The Immigrant tire également parti de son traitement de la religion, et plus largement de la foi, armure qui lie le « youpin » et la « polak » catholique cherchant à se protéger d’une société dure, corrompue et tolérant tant bien que mal l’arrivée des immigrés dans leur ville, les poussant à vivre dans la misère et, par la même occasion, créant des liens de solidarité. Là où l’excellent Prisoners voyait la religion comme un catalyseur en panne qui justifie les pires dérives d’autodéfense, et comme responsable des traumatismes de certaines victimes de pédophilie,The Immigrant est un film sur la puissance du Pardon, même si cela n’est pas flagrant au début. La très belle scène où Ewa se confesse à un prêtre annonce la dernière du film. Celle-ci, très cruelle, montre une révélation qui remet toute l’œuvre en question, et fait effondrer de désespoir l’héroïne. Pourtant cette dernière clora le film sur une ultime parole d’amour et de réconciliation aussi inattendue que touchante, qui n’est pas sans évoquer la fin de La Nuit nous appartient, qui montrait deux frères aux rapports difficiles s’avouant leur amour fraternel commun.

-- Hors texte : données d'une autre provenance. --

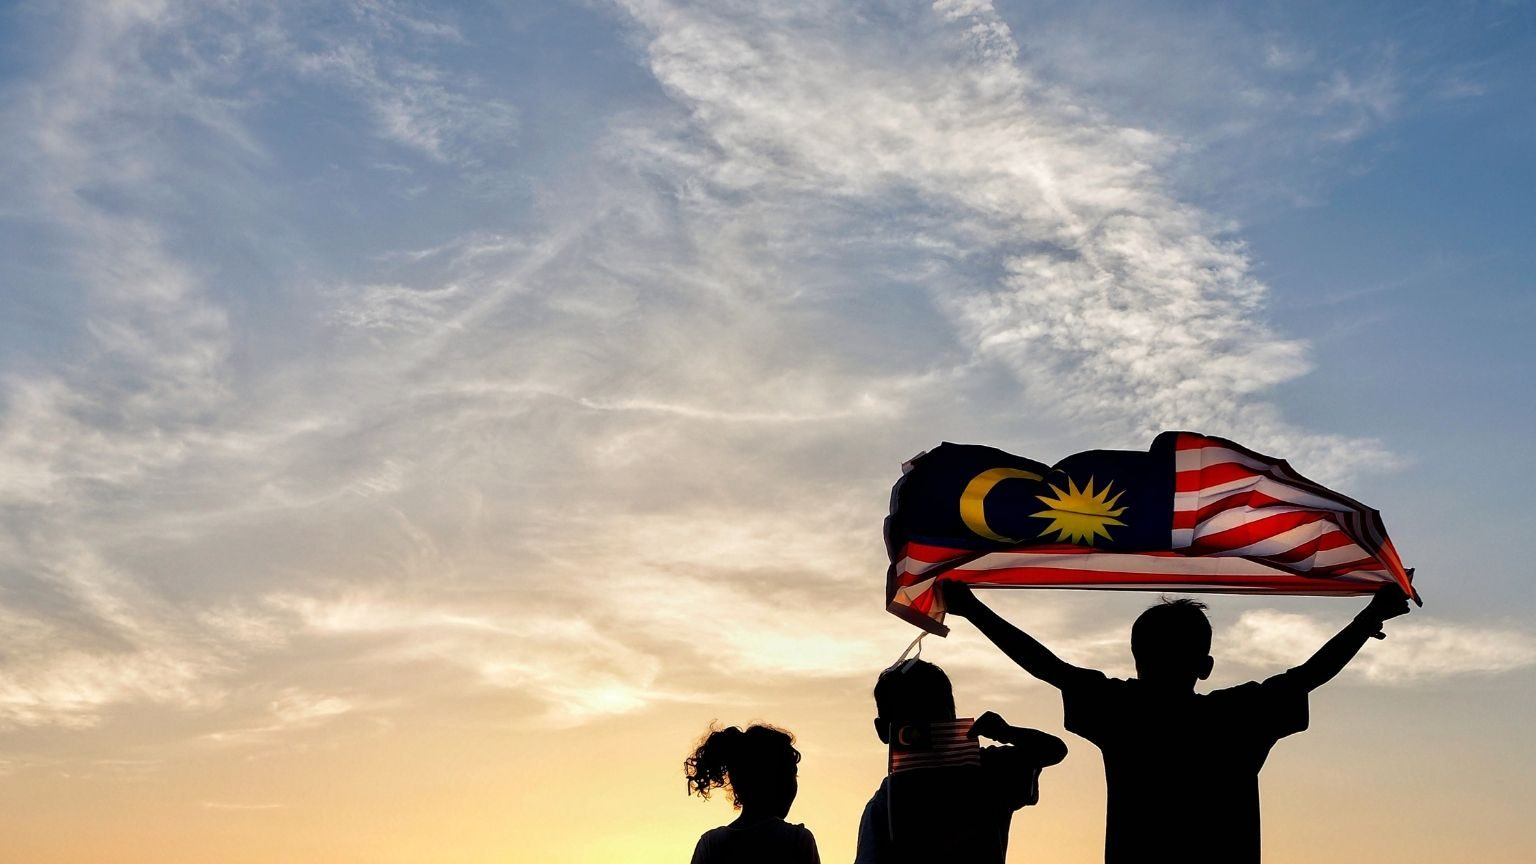 Children waving Malaysian flag

The Immigrant est donc un film magnifique, parfois cruel mais toujours humain dont le très beau dernier plan est une parfaite synthèse. Techniquement aboutie, aidée par sa superbe direction artistique, sa belle photographie et sa musique – qui, hélas, s’avère parfois poussive et redondante – cette œuvre réussit là où L’Etrange Histoire de Benjamin Button avait échoué : offrir à un réalisateur de films sombres un film à costume émouvant et sincère sans tomber dans la tourte à Oscars. Du grand art.